SUPPLIED INFORMATION =>
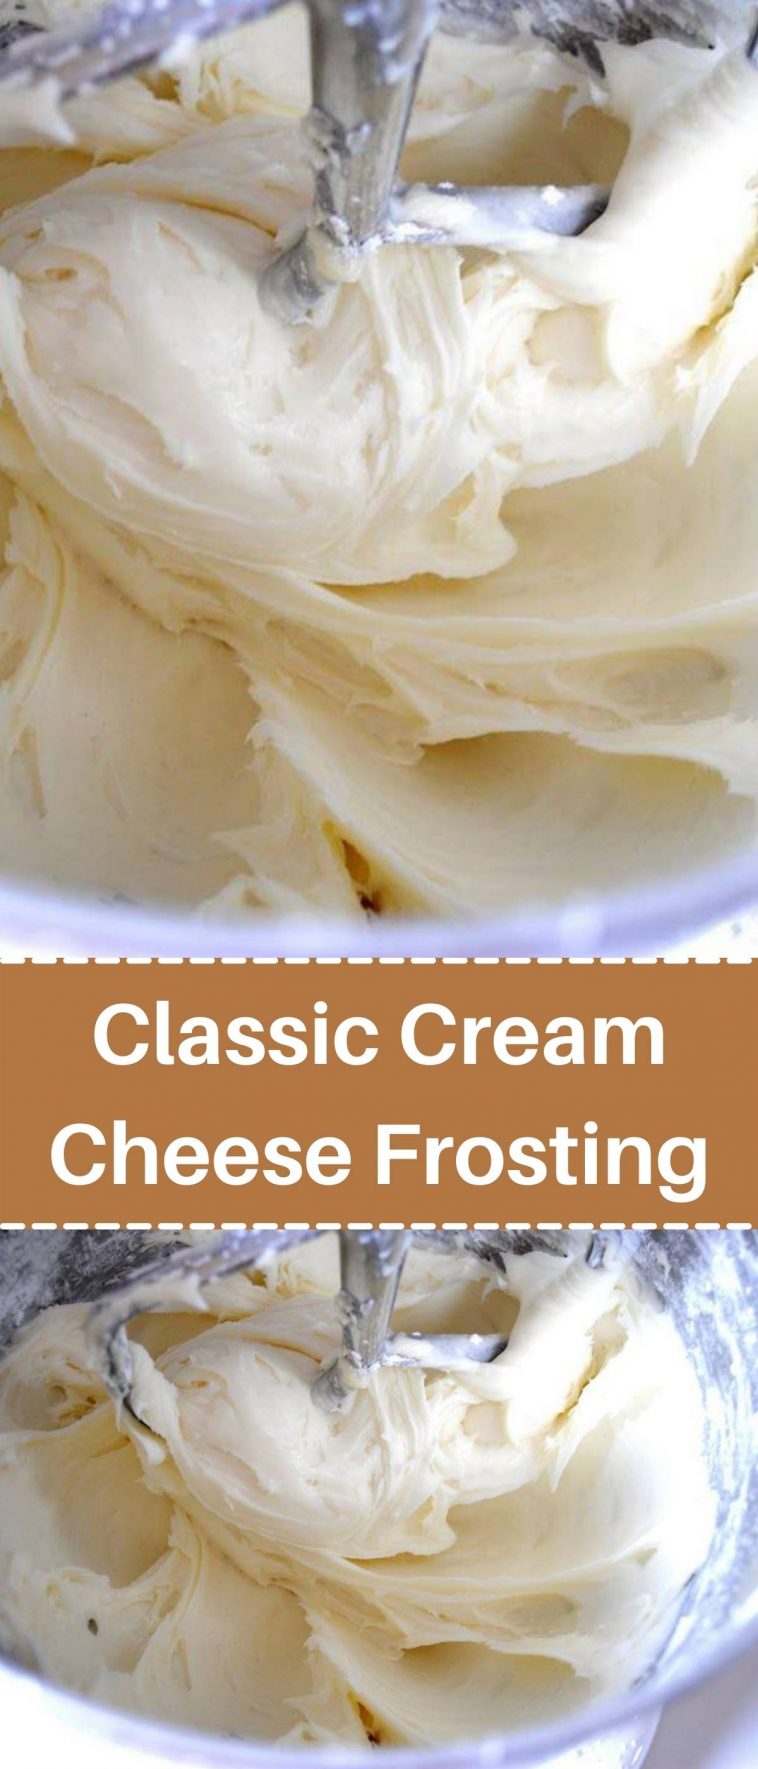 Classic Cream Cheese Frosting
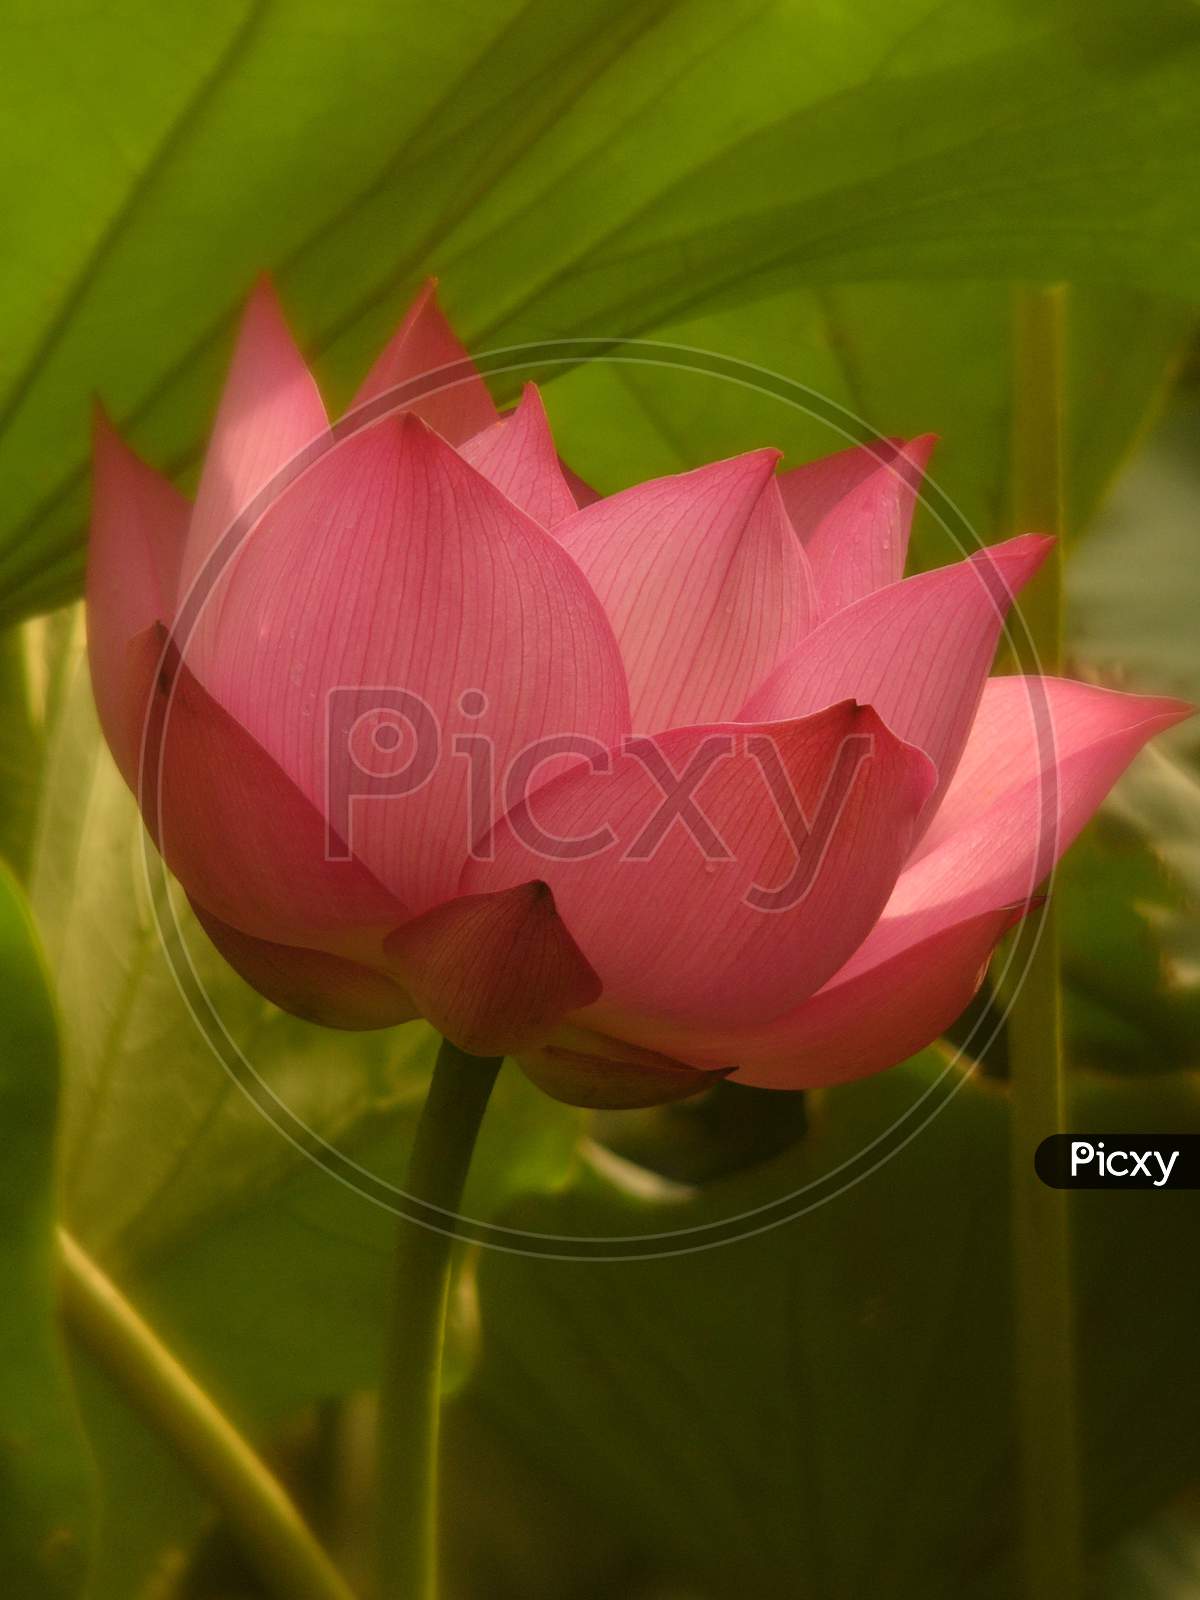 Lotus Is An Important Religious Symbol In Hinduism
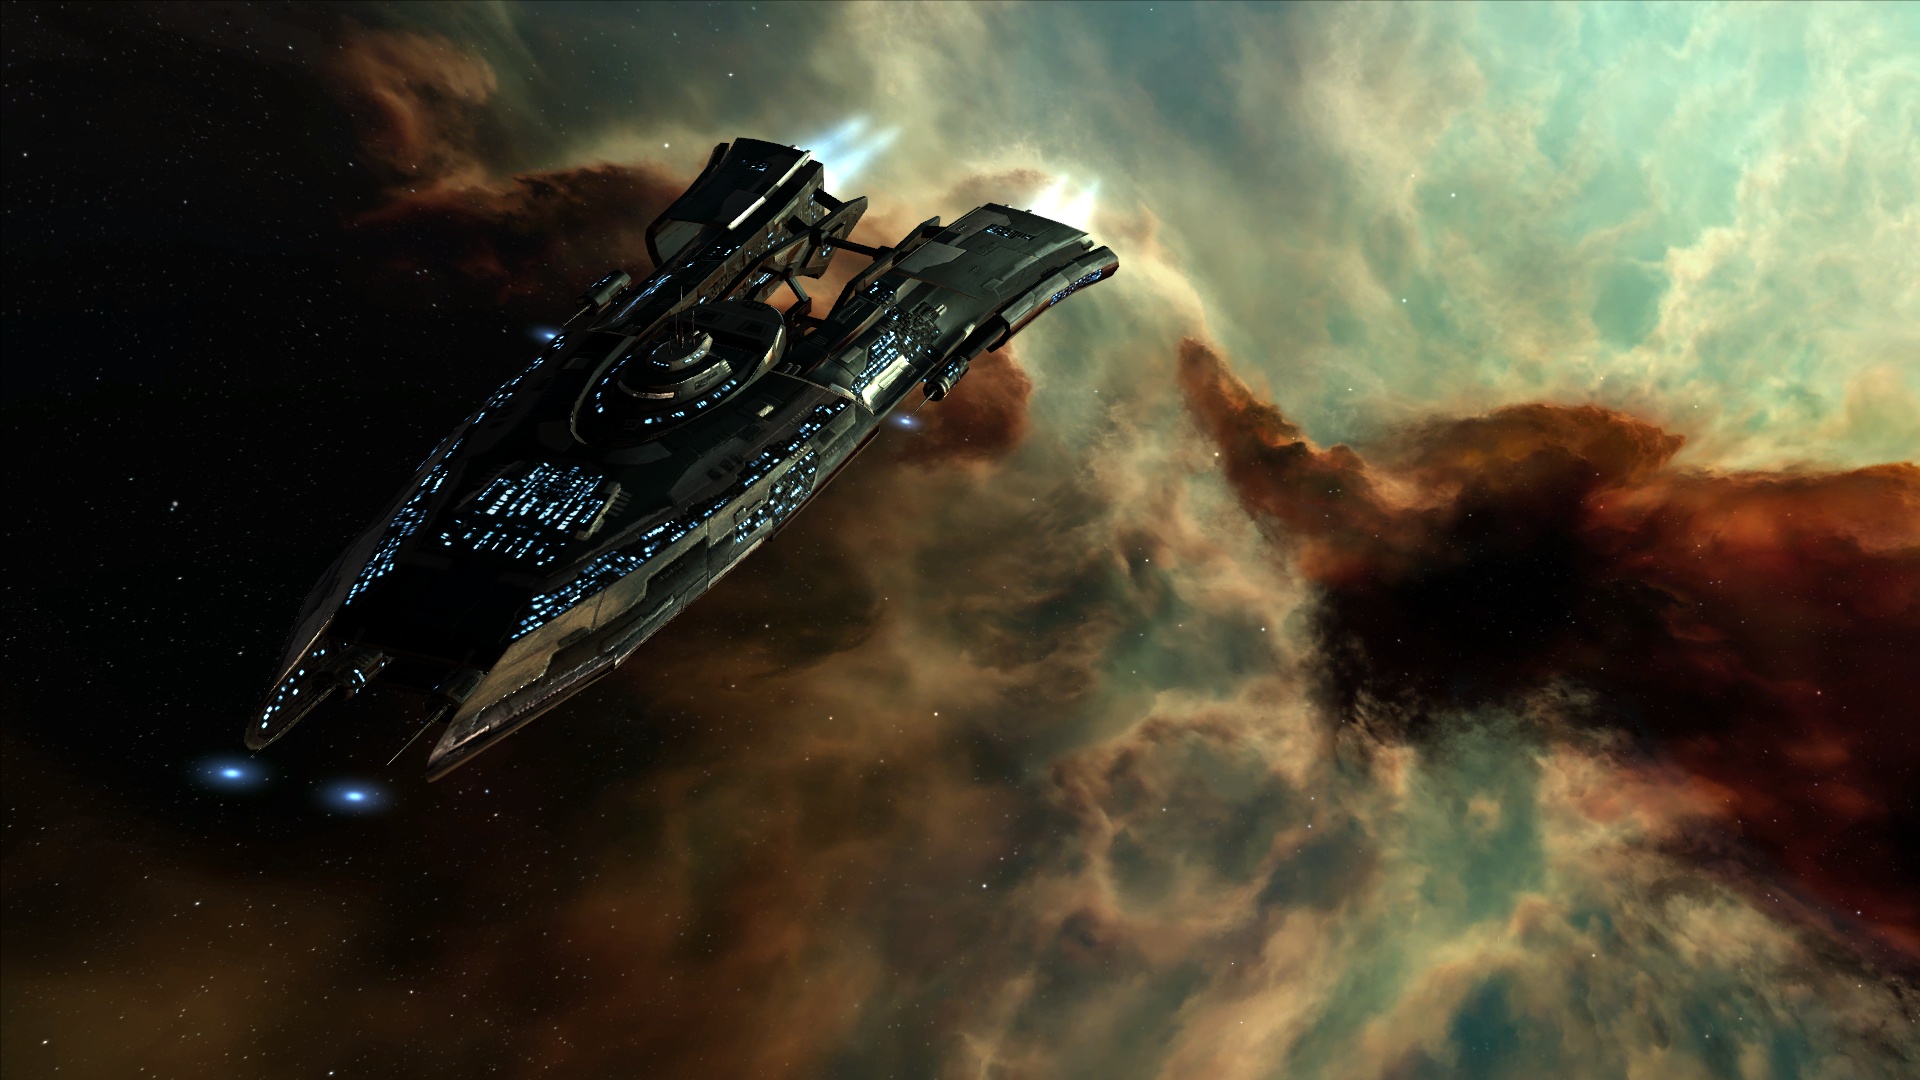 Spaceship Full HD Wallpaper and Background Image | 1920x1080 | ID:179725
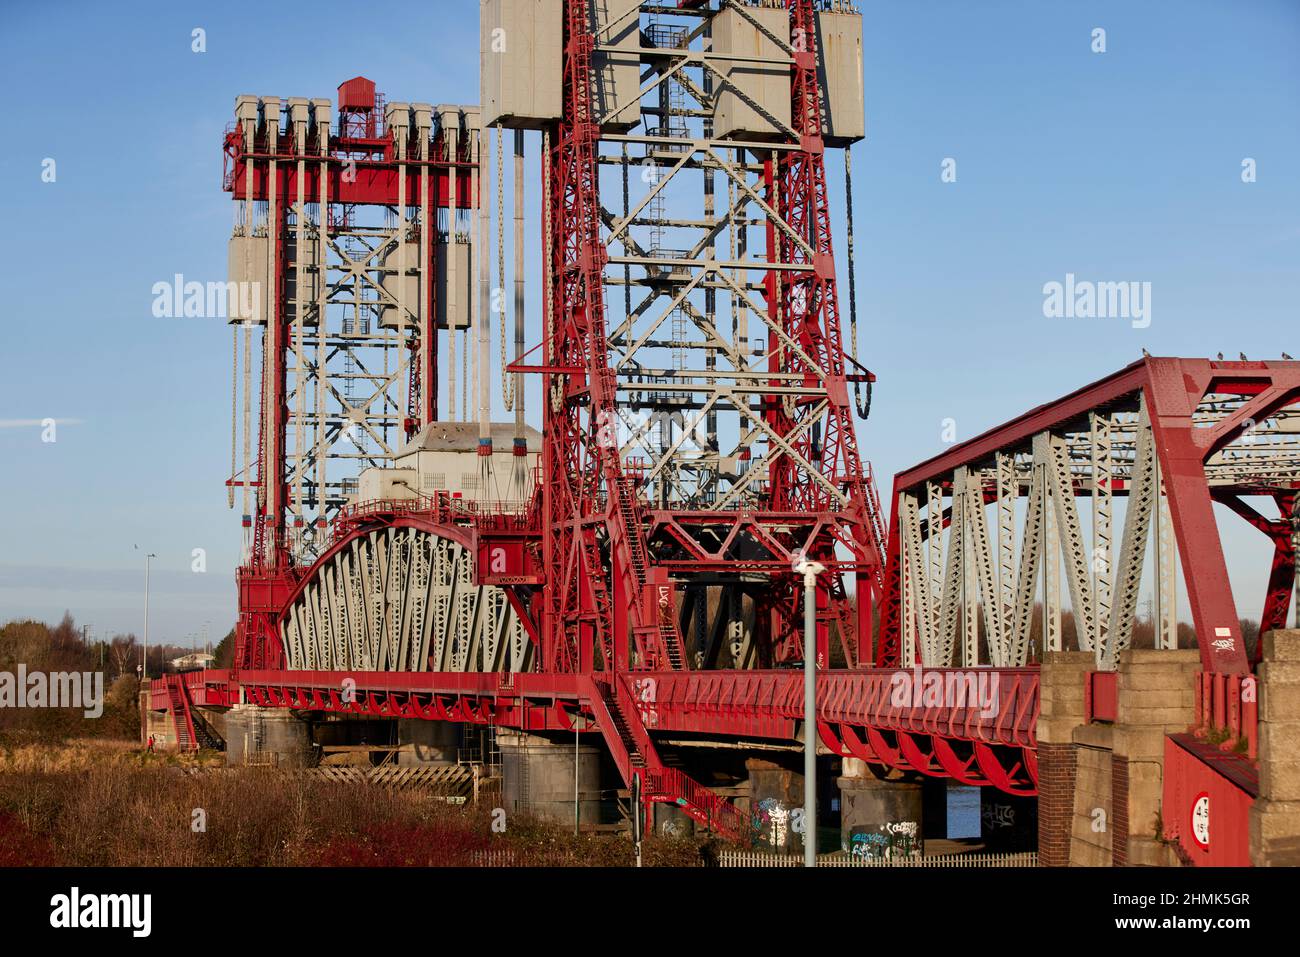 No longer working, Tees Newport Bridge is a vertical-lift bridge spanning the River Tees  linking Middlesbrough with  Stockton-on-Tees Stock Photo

TASK STATEMENT => Excluding pictures, print all lines above exactly.

TASK ANSWER =>
 Classic Cream Cheese Frosting
 Lotus Is An Important Religious Symbol In Hinduism
 Spaceship Full HD Wallpaper and Background Image | 1920x1080 | ID:179725
 No longer working, Tees Newport Bridge is a vertical-lift bridge spanning the River Tees  linking Middlesbrough with  Stockton-on-Tees Stock Photo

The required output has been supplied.